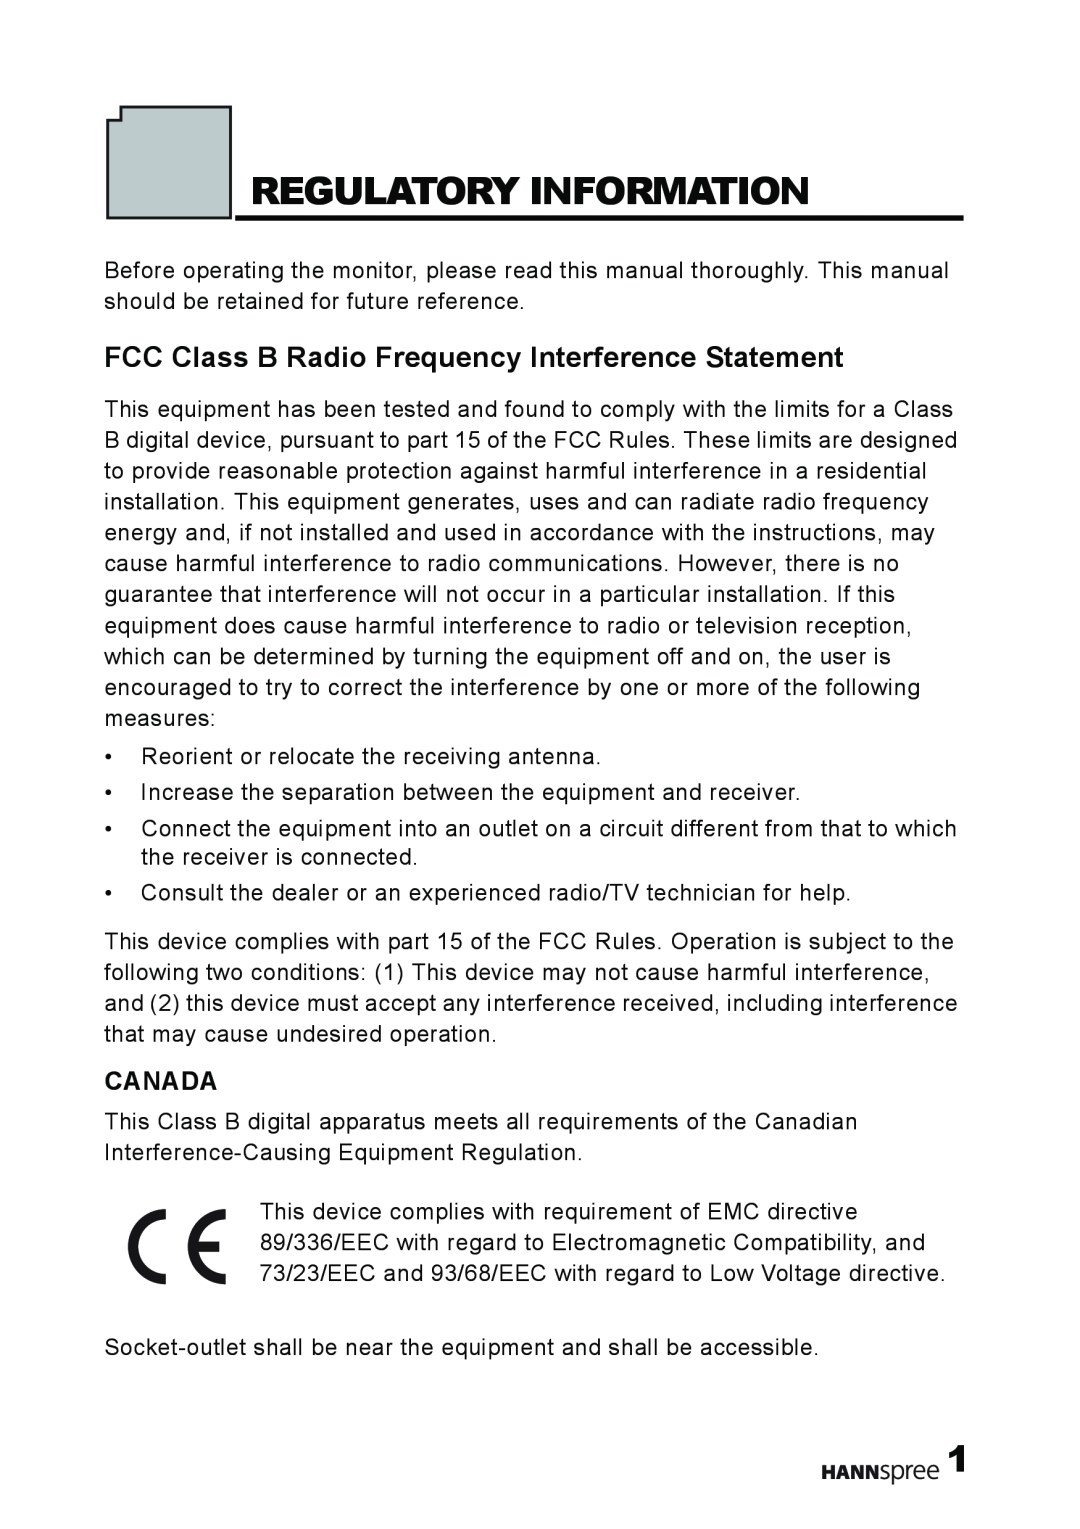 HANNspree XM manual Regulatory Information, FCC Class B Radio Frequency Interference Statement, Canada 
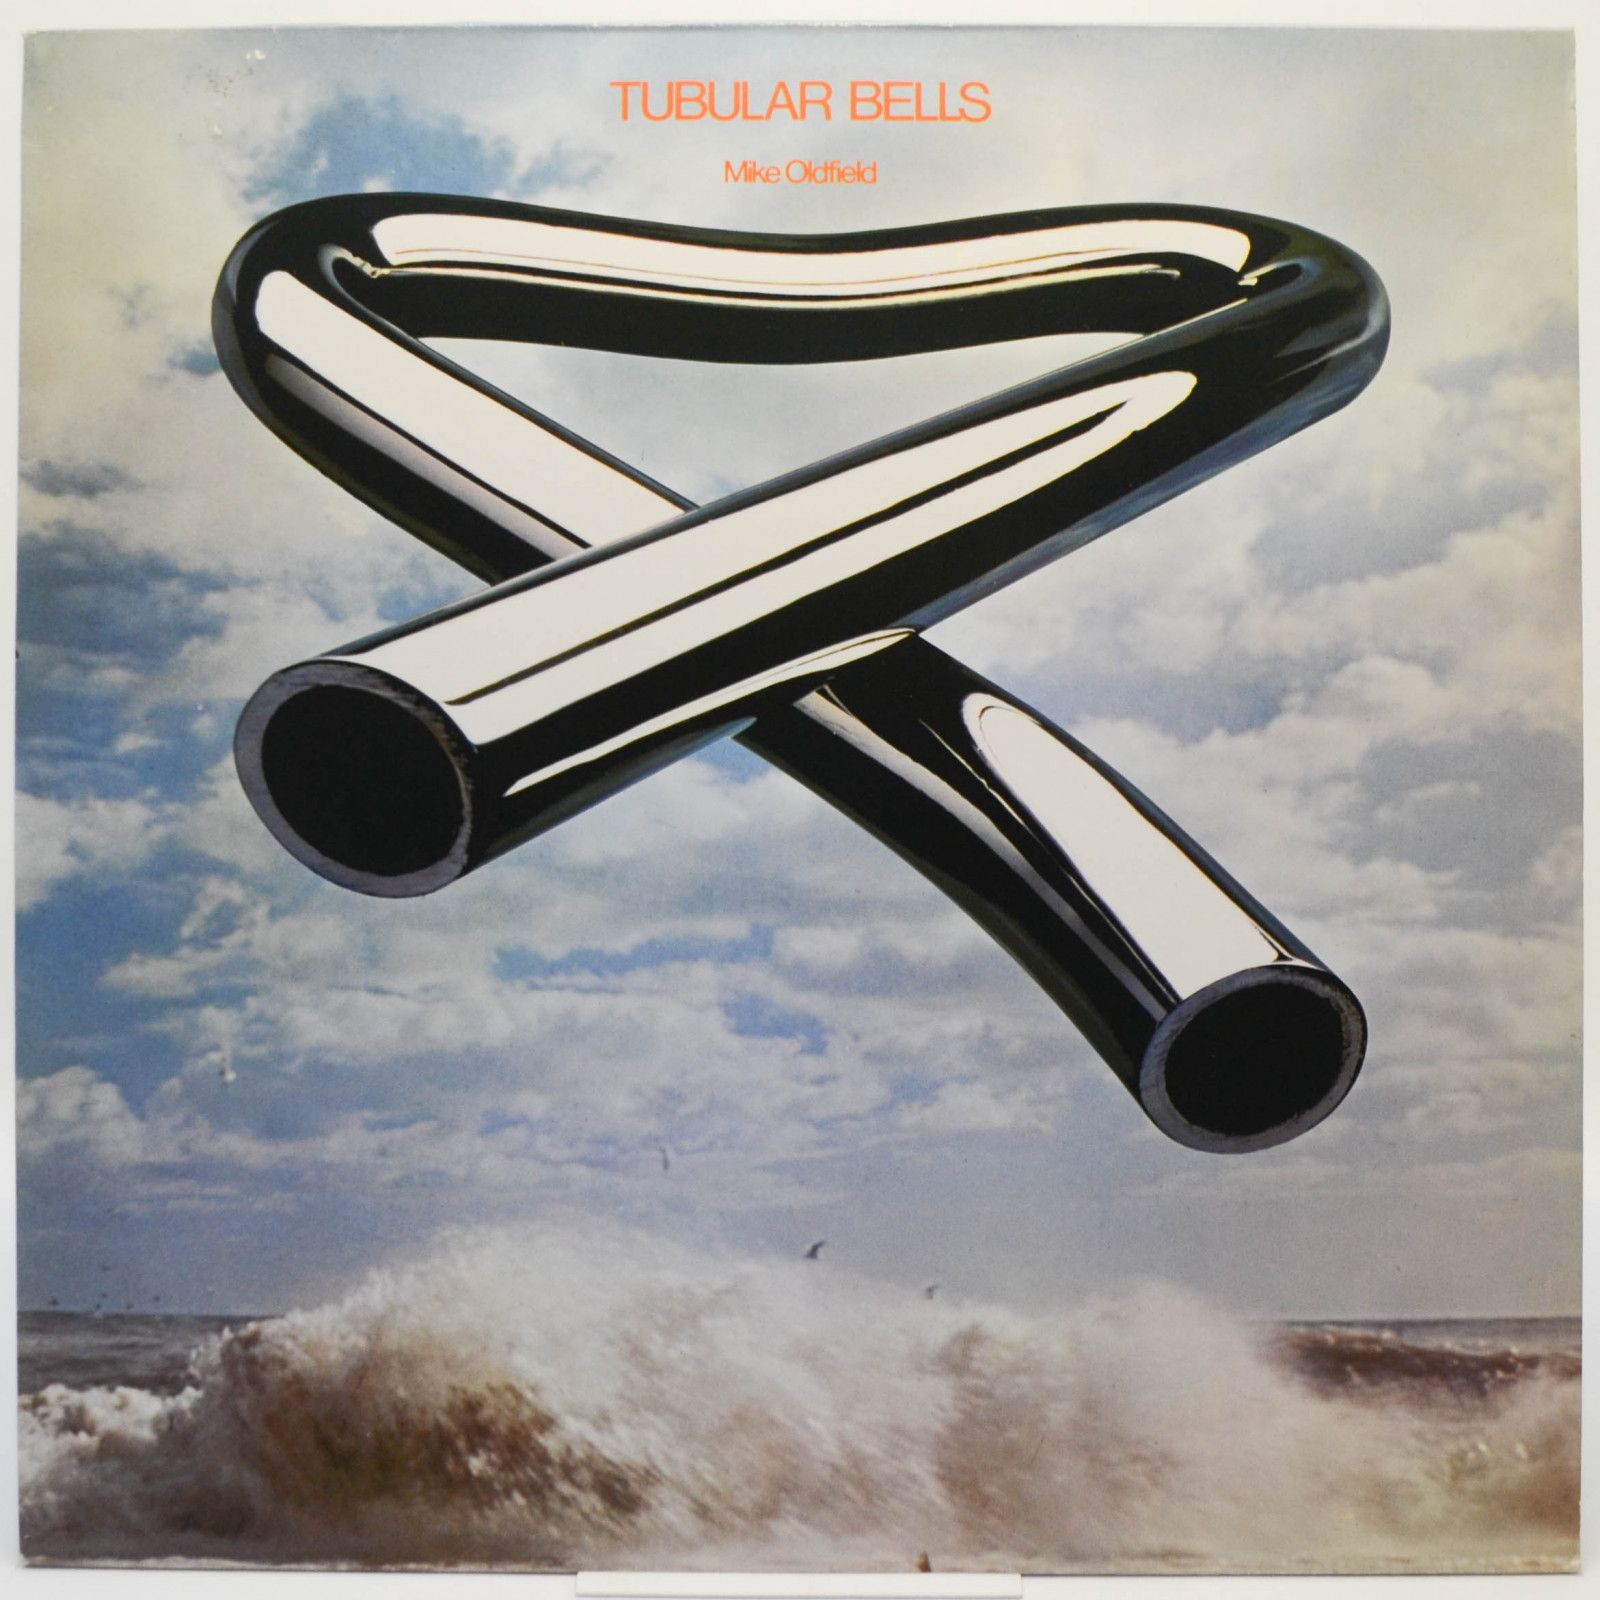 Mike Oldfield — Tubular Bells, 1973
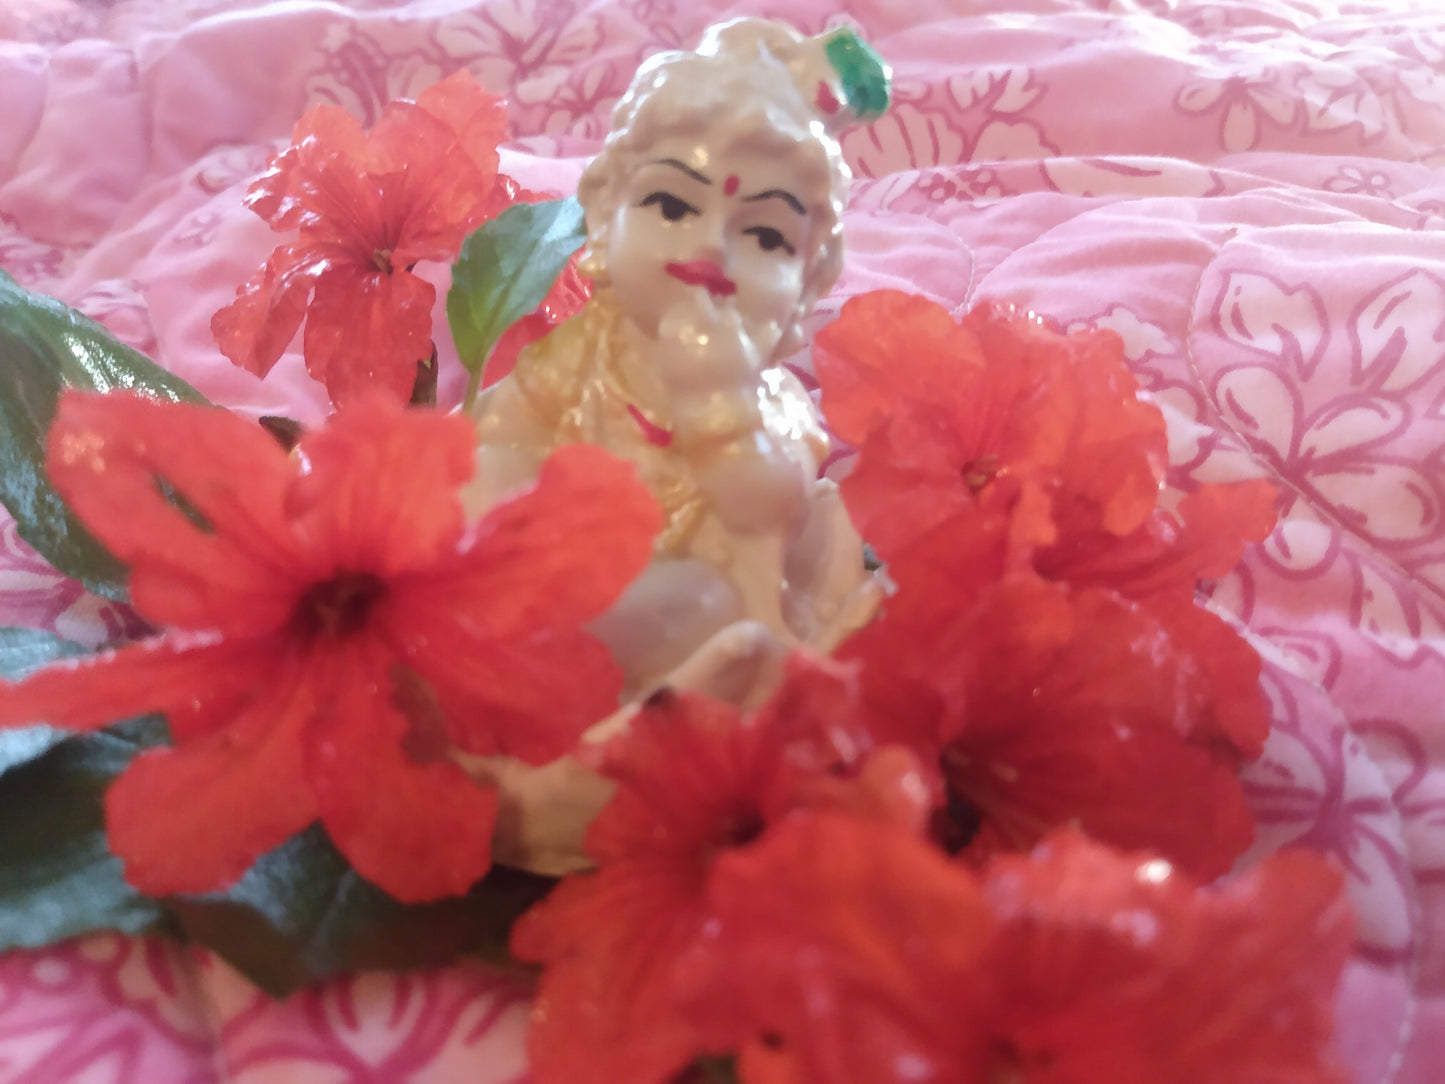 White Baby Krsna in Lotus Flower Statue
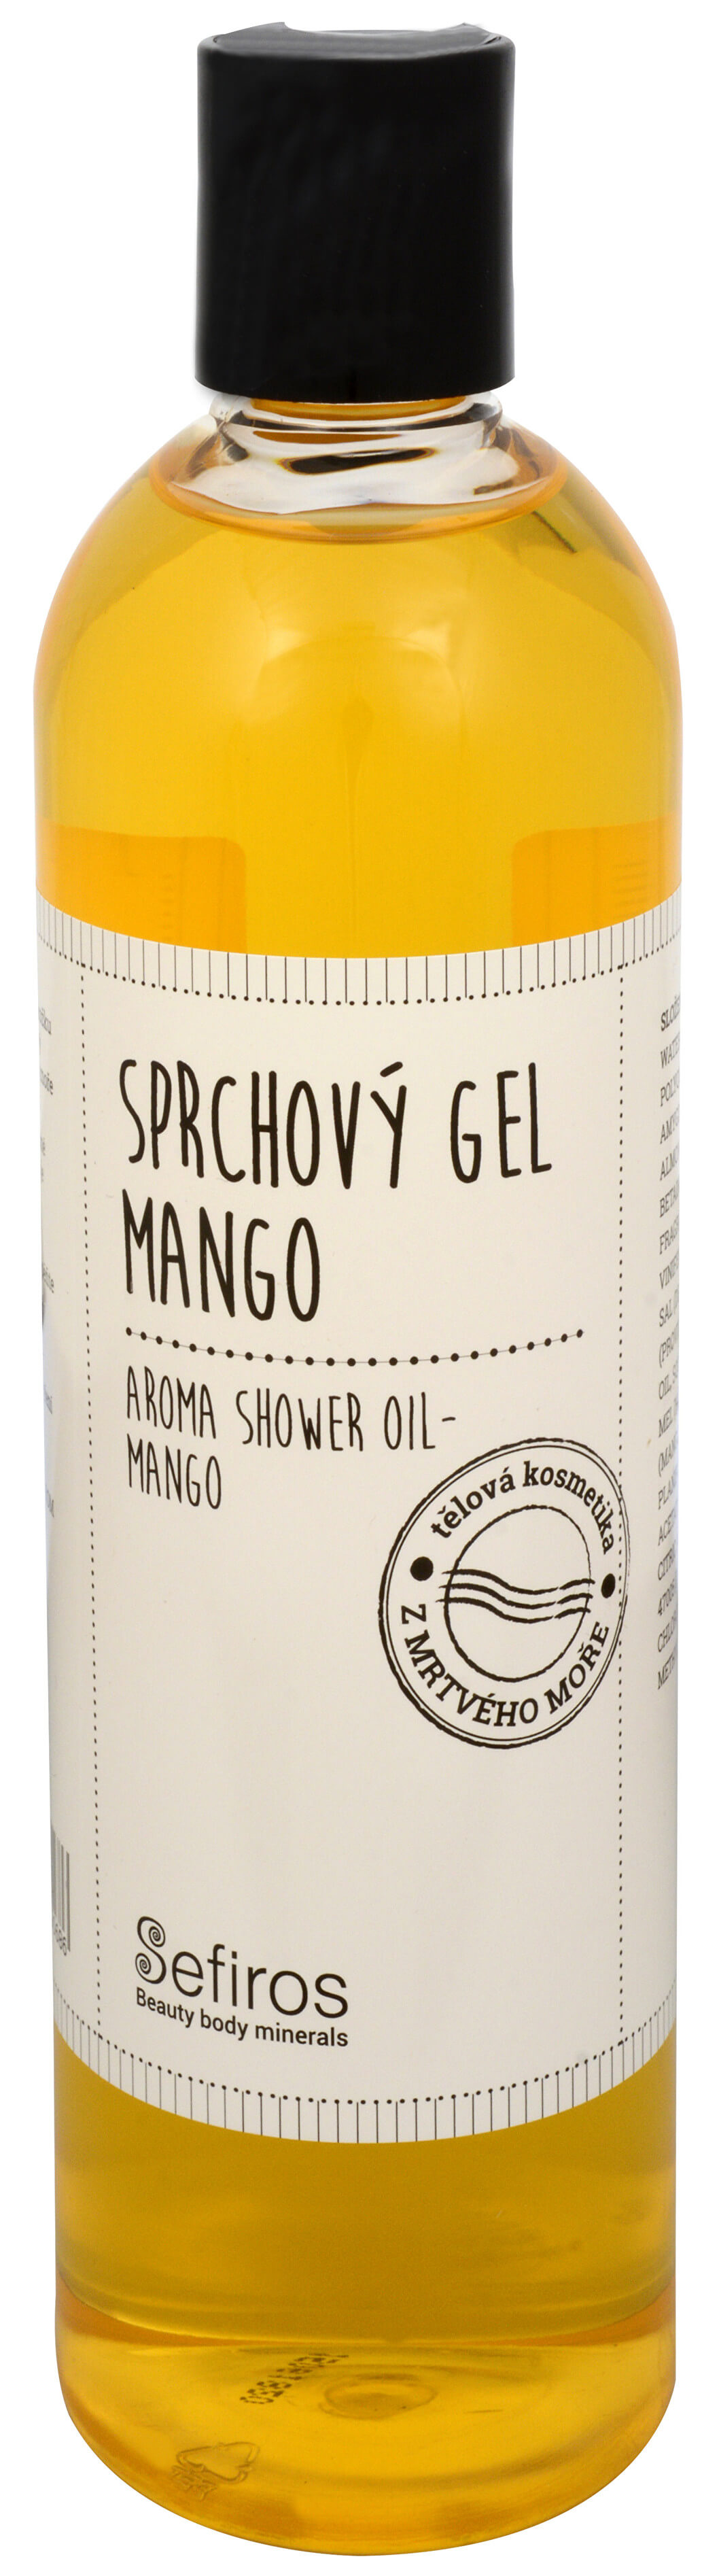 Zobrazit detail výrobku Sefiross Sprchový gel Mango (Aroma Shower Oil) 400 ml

══════

Take the lines from the one containing "White Baby Krsna in Lotus Flower Statue" through the final line of the listing above and print them exactly, including both ends but no pictures.

 White Baby Krsna in Lotus Flower Statue
 Zobrazit detail výrobku Sefiross Sprchový gel Mango (Aroma Shower Oil) 400 ml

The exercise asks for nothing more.